Id User_for Page Type Page Name Description
1 Actual data Data page Data Page Leaf nodes of a heap table or clustered index
2 Index page Index Page Branch node or nonclustered index for clustered index
3 Lob Lob For storing large object data types: text, image, varchar (max), varbinary (max), etc.
4 Row Overflow page Row Overflow Page Only single text or image column data blocks can be stored
5 Manage Data page data GAM page Global Allocation Map Managing bitmaps for the Unified zone
6 Sgam page Shared Global Allocation Map Managing bitmaps for mixed areas
7 Iam page Index Allocation Map The area to which the allocation unit is assigned
8 PFS Page Page Free Space Free space
9 Backup-related data DCM Page Differential Changed Map Information for the extents changed since the last backup DATABASE statement
10 BCM Page Bulk Changed Map Information for the extents modified by the bulk operation since the last BACKUP LOG statement
The page type for backup-related data is not described here in detail. The type of page that stores the actual data will be described in more detail later in the post. This article focuses on the type of page that stores data for managing data pages: Gam,sgam,iam,pfs.    This piece, the performance optimization of tempdb will be of great help. The beginning of each data file is distributed GAM,SGAM,PFS these pages, which record which pages in the database file are already in use and which pages are not used.

1.1 PFS PFS page, used to track page assignment levels and to store information about all page allocations and available space in the current data file, the 2nd data page for each data file is PFS, with page number 1. In this page, each a single byteDescribes whether each of the subsequent data pages can write records, that is, a PFS page is 8k, about 8k bytes can describe the subsequent use of each page, that is, a PFS page, can describe the use of 8k data pages, This means that a single PFS page can store approximately 64M of free space on a data page.    So, about every 64Mb, there will be a new PFS page.
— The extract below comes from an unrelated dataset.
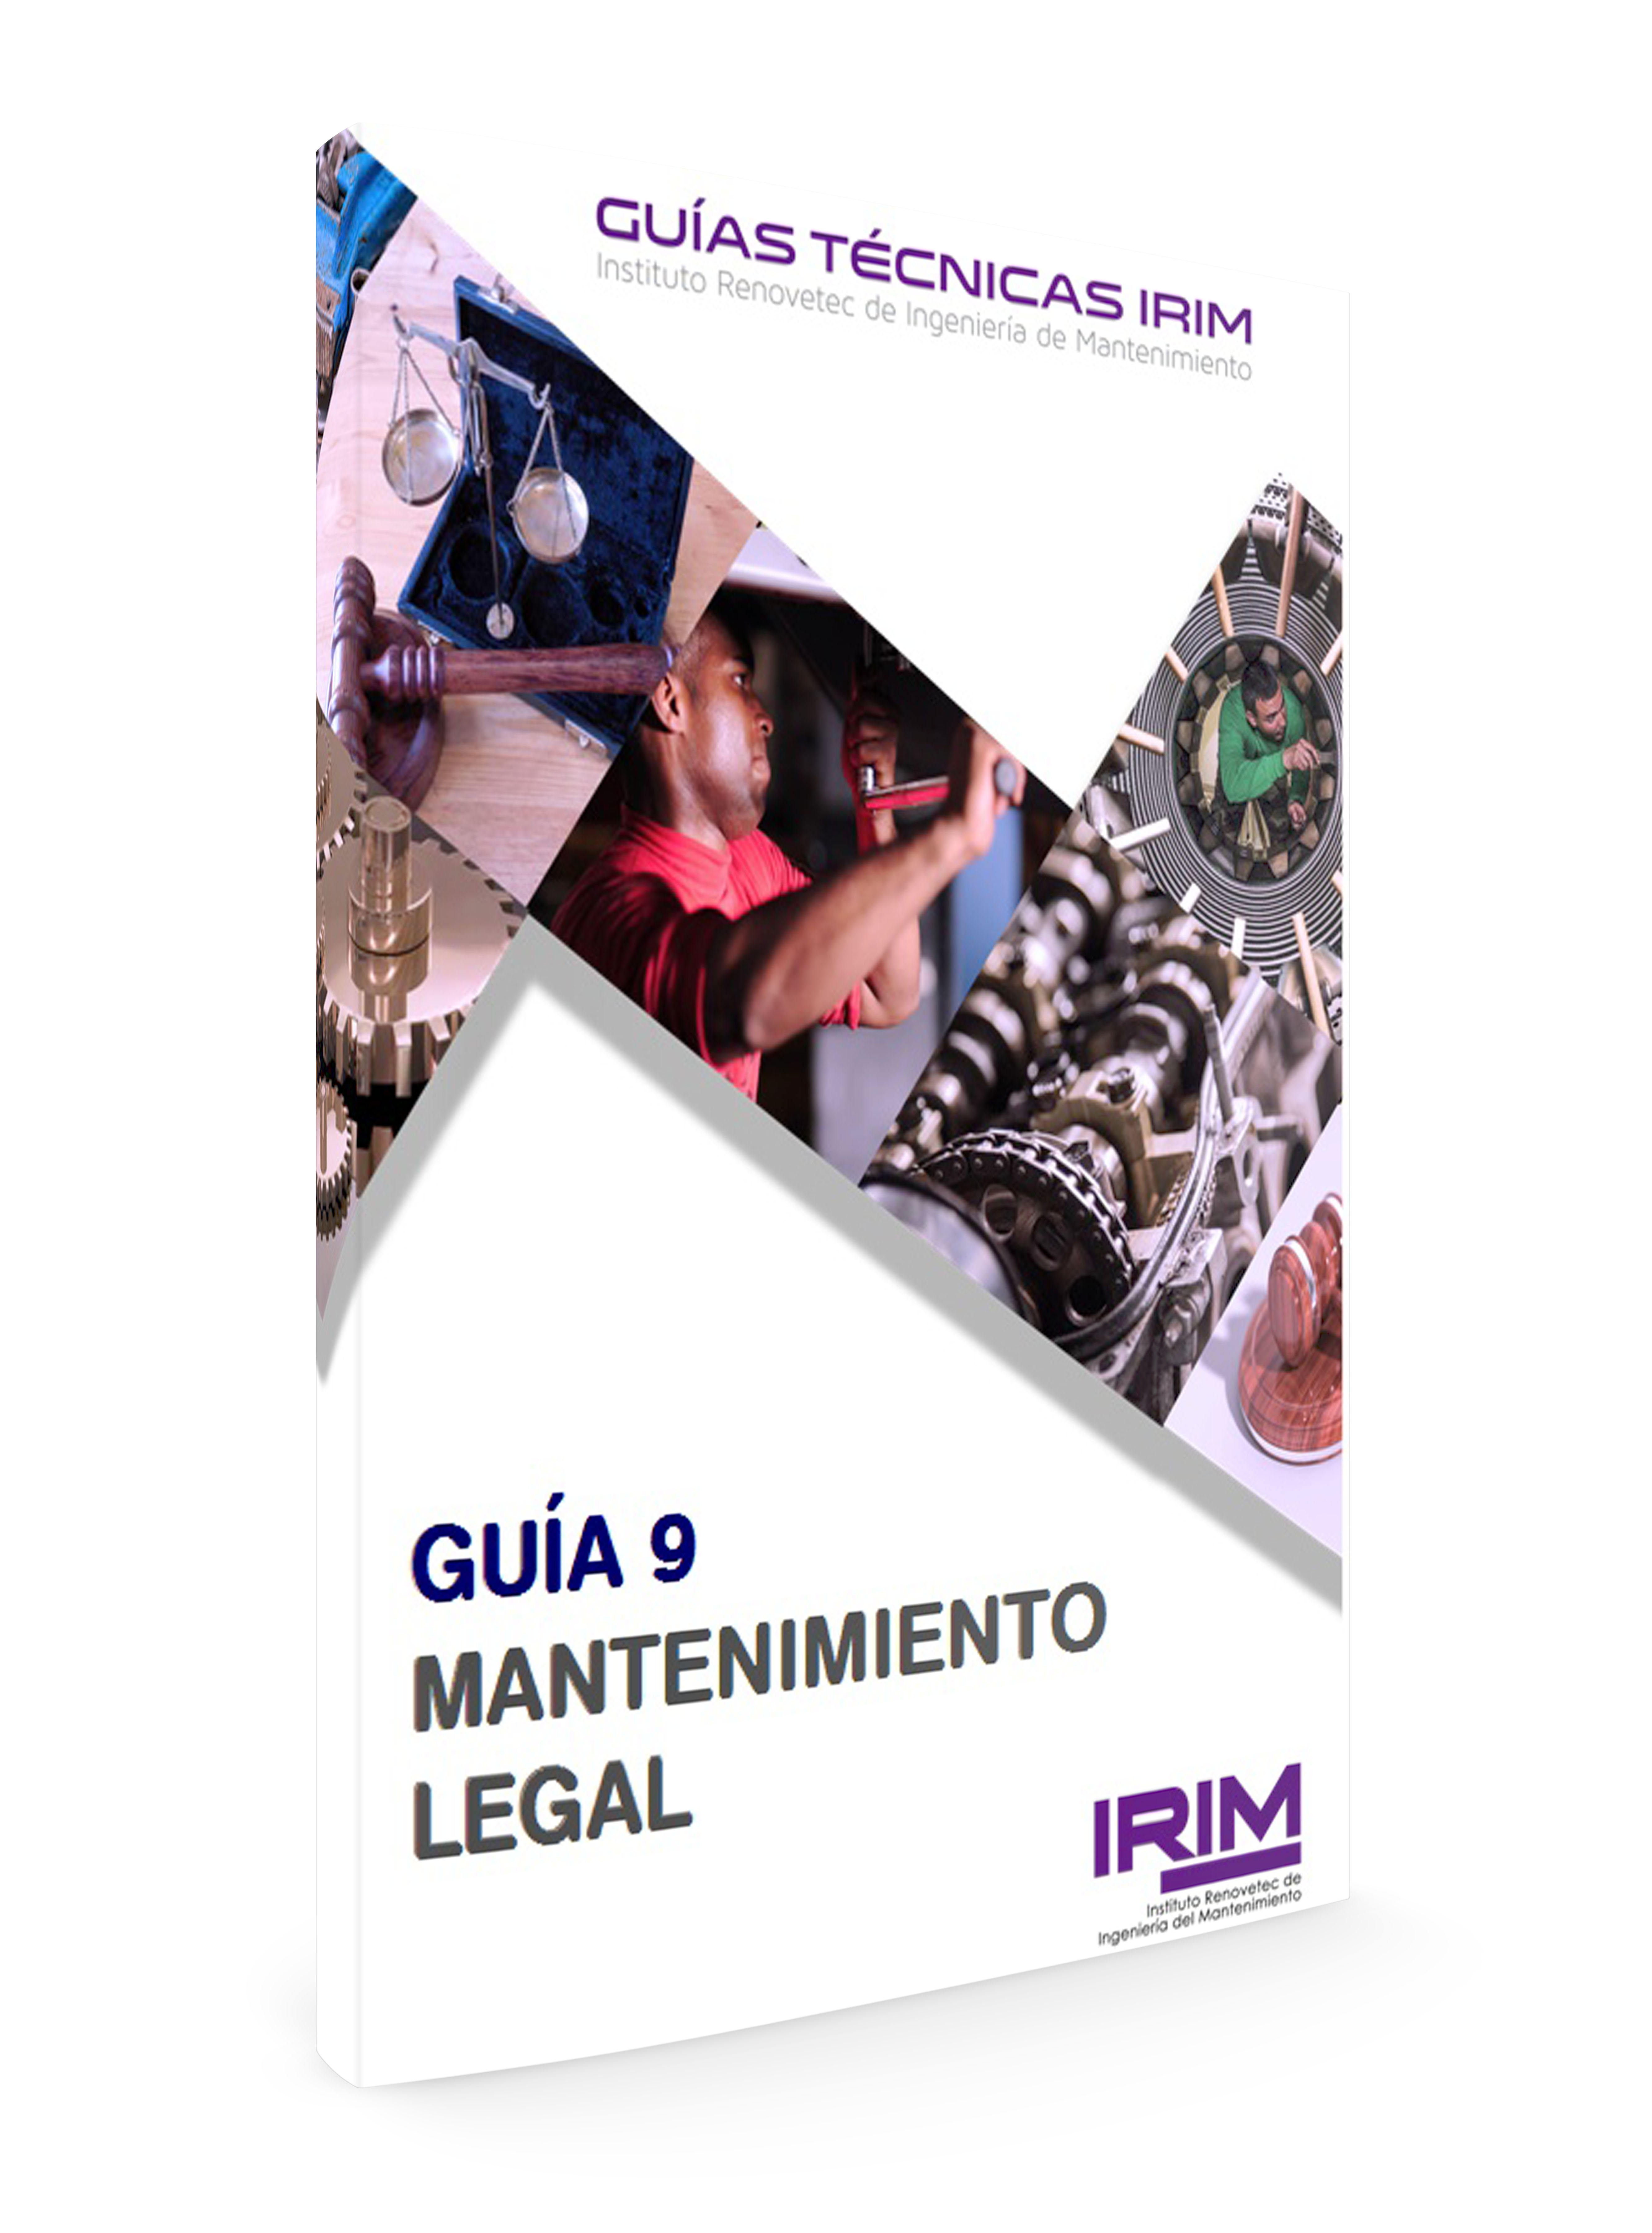 GUIA 9 IRIM: MATENIMIENTO LEGAL
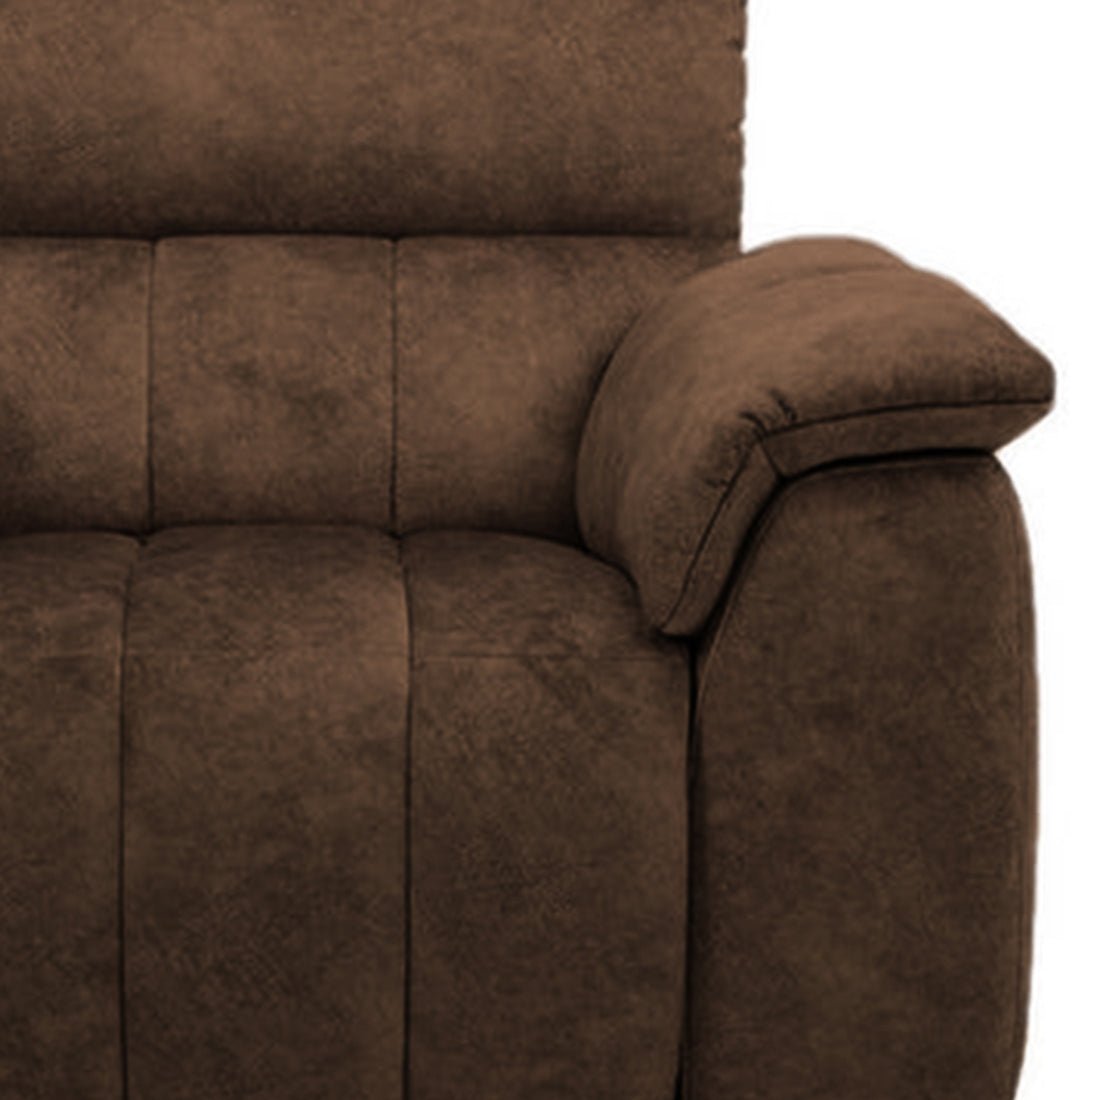 Torque India Casanoy 3 Seater Fabric Sofa for Living Room | 3 Seater Fabric Sofa - Torque India

Each byte describes the use of a data page, a byte with 8 bits, respectively 第0-7位, for the following purposes:
    • Bit 0-2-bit, which describes how much free space the page has
      • 0x00 is empty
      • 0X01 is 1 to 50% full
      • 0X02 is Wuyi to 80% full
      • 0X03 is bayi to 95% full
      • 0X04 is ~ 100% full
    • Bit 3 (0x08): Is there a ghost record (Ghost records:http://www.cnblogs.com/lyhabc/archive/2013/06/16/3138214.html) in this data page?
    • Bit 4 (0x10): Is it an IAM page?
    • Bit 5 (0x20): Is it a mixed page?
    • Bit 6 (0x40): Is it allocated?
    • Bit 7 reserved, unused, with no actual meaning
1.2 GAM & SGAMThe area of SQL Server is divided into two types: mixed zone (uniform extent) and unified zone (mixed extent). Mixed zone, refers to the area of 8 consecutive data pages, respectively assigned to different database object storage use, which is conducive to the use of small tables in the process, not all of a sudden occupy a district, but first from the mixed area to use, reasonable allocation of space; a unified area, refers to the area of 8 consecutive pages are used to store the same data object, When a table is assigned 8 mixed area pages, it begins to allocate the use of a unified zone to avoid data being distributed across discrete pages of data. 1.2.1 GAM gam page, used to track the allocation of the area, to describe whether each area is assigned, each area with 1bit identification of its distribution。 A GAM page 8k, a total of 8k*8 bit, that is, almost can identify 64,000 zones, about 8k*8bit* (8*8k) =4g space, so, about every 4G space around, there is a GAM page to identify the next 4G of space allocation situation.
    • Bit=1, identifies that the current area is idle and can be used for allocation;
    • Bit=0, identifies the current zone and is used by the data.
SQL Server finds free space by reading the GAM page and assigns a page of this area or region to an object. A range that only stores one bit (instead of a PFS page, PFS is a page-by-byte) means that a single GAM page can track more space, and in one data file, you can find a new GAM page in approximately 4GB space. However, the page number of the first GAM page in the data file is always 2, so "2:1:2" represents the first GAM page in tempdb. 1.2.2 SGAM sgam pages, which are used to track the allocation of extents, describe which areas are mixed and have at least one free data page. 1bit describes a zone, where 1 indicates that the area is a mixed area and has at least one free data page, which can be assigned to objects that need to use a mixed area. SQL Server allocates space to small objects by reading the Sgam page to find a range mixed with the available space. A single Sgam page can track 4GB of space, so you can find them in 4GB intervals, just like the GAM page.    In a data file, the first SGAM page is Page 3, so "2:1:3" represents the first Sgam page of tempdb. So how do these two types of data pages assist the storage engine to manage the zone?
    • When the storage engine allocates a unified zone, look for a page labeled 1 in the GAM page, change the marker to the mark in the 0,sgam page, and keep it at 0;
    • When the storage engine allocates a mixed area, look for a page labeled 1 in the GAM page, change the marker to the mark bit in the 0,sgam page from 0 to 1;
    • When the storage engine looks for a mixed area with free pages, it looks directly at the data page for the tag bit 1 in the SGAM page; if it is not found, it is reassigned to a mixed area.
1.2.3 IAMThe allocation of the area, using GAM and sgam management; page usage, using the PFS page management. So, who can help manage the storage of each database object in each page or area?    The answer is an IAM page. In a table, an IAM page is used to describe the distribution of data, which is described based on the allocation unit. According to the actual data storage situation, divided into the following 3 allocation units:
    • In_row_data
      • The storage heap or index partition, which is heap and b-tree.
    • Lob_data
      • Stores large object (LOB) data types, such as XML, varbinary (max), and varchar (max).
    • Row_overflow_data
      • Stores variable-length data stored in a varchar, nvarchar, varbinary, or sql_variant column that exceeds the 8,060-byte row size limit.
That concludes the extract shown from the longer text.